Scientists from the US have designed high-performance, low-error DNA editors that can selectively transfigure a single DNA building block to another. This technology fills a gap in genome editing that even CRISPR/Cas9 could not, further raising hopes for a world where disease-causing mutations can be corrected without fear.
The building blocks that chain together to make DNA are called nucleotide bases. They come in four types: adenine (A), guanine (G), thymine (T) and cytosine (C). DNA exists in the form of two chains of nucleotides wound in a double helix shape. The second chain is complementary to the first: for every A in the first strand. there is a T in the second and vice-versa. Similarly, for every G in the first strand, there is a C in the parallel strand. The two chains are held together by bonds that pair the As to the Ts and the Cs to the Gs.

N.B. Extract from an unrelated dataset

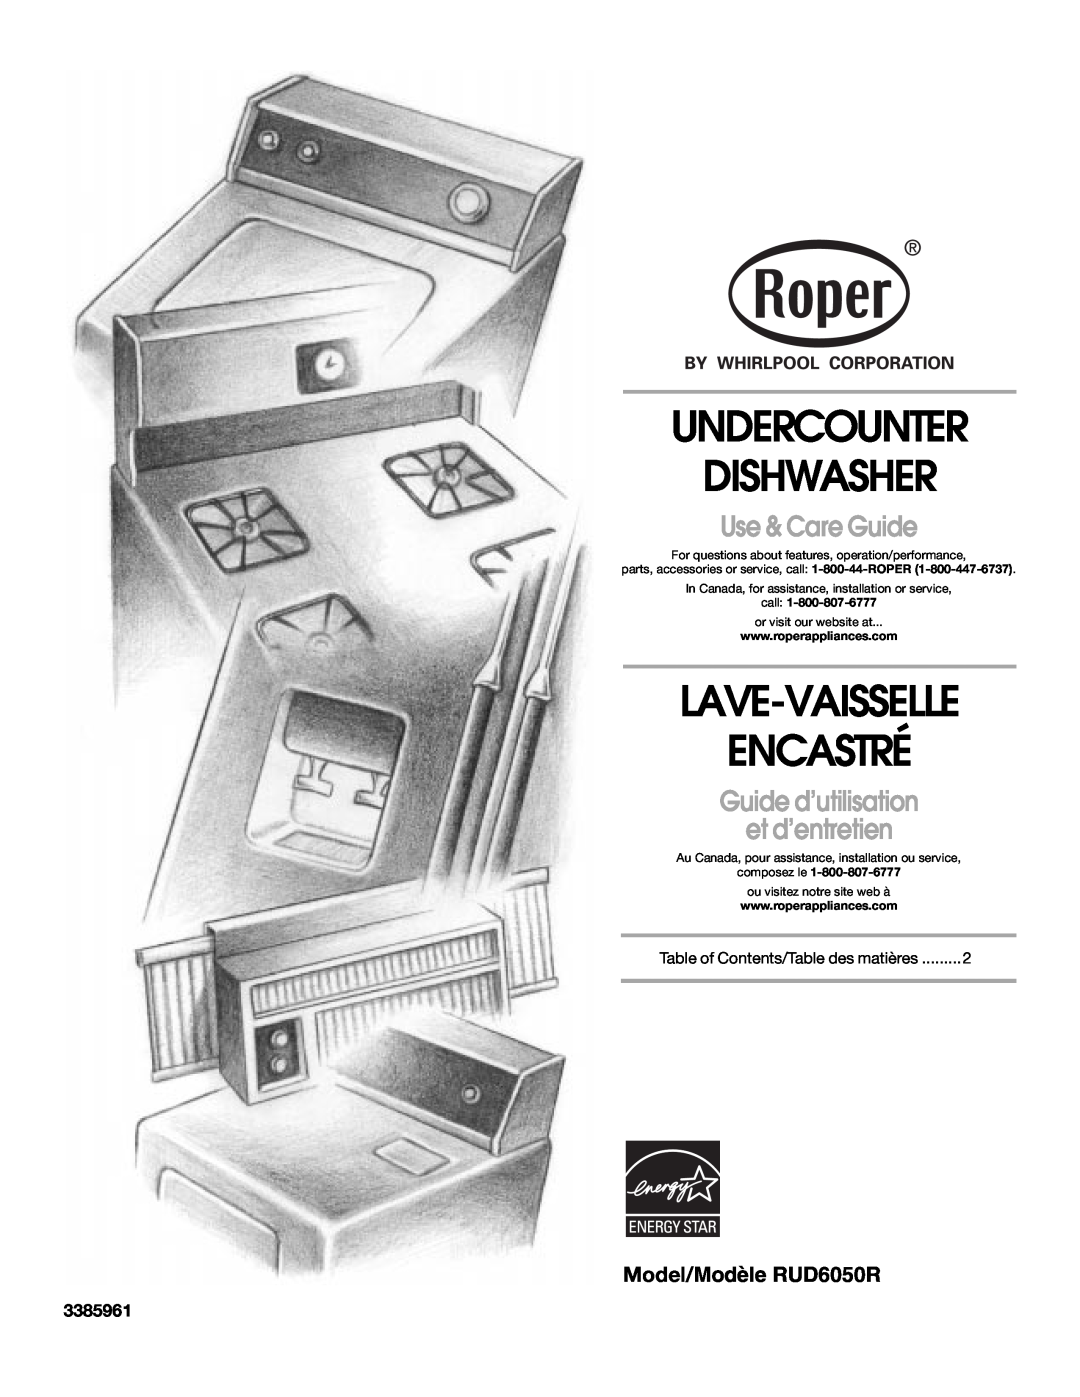 Whirlpool manual Model/Modèle RUD6050R, 3385961, Undercounter Dishwasher, Lave-Vaisselle Encastré, Use & Care Guide

The four bases must exist in a specific sequence for the human body to function properly. Most mutations are harmless but a few are responsible for genetic diseases that are largely considered incurable. Therefore, molecular biologists have been on a mission to devise techniques that will allow dangerous mutations to be corrected.
Though most diseases are linked to multiple sections of DNA, there are several that arise due to a mutation in a single base. These point mutations are called single nucleotide polymorphisms (SNPs). With diseases that are caused by SNPs, it’s just a matter of converting the ‘wrong’ base to the ‘right’ base – and this is called base editing.
A complete base editing toolkit should cover techniques to allow correcting all types of SNPs. In other words, we need chemical processes that can turn one nucleotide into any of the other three. Last year, a team of chemical biologists led by David R. Liu from the Broad Institute, at the Massachusetts Institute of Technology, and Harvard University got us halfway there. They described a way to use an existing enzyme that could chemically convert C to T. Since Cs exist as either a C-G base pair or a G-C base pair, this meant that Liu’s technique could correct C-G → T-A as well as G-C → A-T. All that remained to complete this toolkit was a technique that could convert A to G.
Theoretically, this should have been simple to devise. C/T and A/G are chemically quite similar, so all that scientists needed was another enzyme. However, the problem was that there is no enzyme known that can convert a molecule of ‘A’ to a molecule of ‘G’. So Liu and team had to design a solution for this themselves. This week, they announced that they had finally succeeded in developing a new class of adenine base editors (ABEs) that allow A-T → G-C and T-A → C-G transformations.
The ingredients for the toolkit are all finally at hand.
This discovery is a significant step forward because C-G to T-A mutations account for approximately half of all known disease-causing SNPs, including several that are specific to the Indian population. Ramkumar Sambasivan, who studies embryonic development at InStem, Bengaluru, told The Wire that adopting the base editing technology will help advance studies on such SNPs in India.
The ABEs developed by Liu in this new finding work relatively well (about 50% efficiency) in bacterial as well as human cells. More importantly, they do their jobs with minimum collateral damage; for example, off-target mutations are one of the chief concerns about current gene-editing techniques. “These ABEs advance the field of genome editing by enabling the direct installation of all four transition mutations at target loci in living cells with a minimum of undesired byproducts,” they wrote in their paper, published on October 25 in the journal Nature.
To really explore the potential of their newly developed ABEs in disease correction, Liu and team tested them on human cells. The base editors kept their hopes alive. “We used ABE to install two mutations that suppress the effects of some blood diseases such as sickle cell anaemia,” he said. They were also able to correct an iron-storage disorder called hereditary haemochromatosis, commonly caused by a G to A mutation. “These examples demonstrate the potential of ABEs to correct disease-driving mutations, and to install mutations known to suppress genetic disease phenotypes, in human cells,” the scientists concluded.
As with all gene editing discoveries, hurdles both technical and ethical remain. Sambasivan calls this is a great beginning – but reminds us that issues that other researchers are grappling with still persist. “These base-editors have to be delivered correctly to affected cells in the body of patients, or else the base editing has to be done in the dish outside the body and then the ‘corrected’ cells have to be introduced back into patients.” Liu agreed that delivery of these editing agents and verifying safety and efficacy in animal models, as well as in clinical trials, are significant challenges.
There has been some talk on whether base-editing can replace CRISPR/Cas9 – the latter being the gene-editing technology that has taken over the field in the last five years. Liu brushed off the idea. “CRISPR/Cas9 and base editing are two different genome editing tools, much like scissors and a pencil. For some tasks, scissors are the best tool. For other tasks, like correcting a single letter in a cell’s DNA, the pencil is best. So it’s not correct to say that base editing will replace other CRISPR technologies. Rather, they are complementary tools,” he clarified.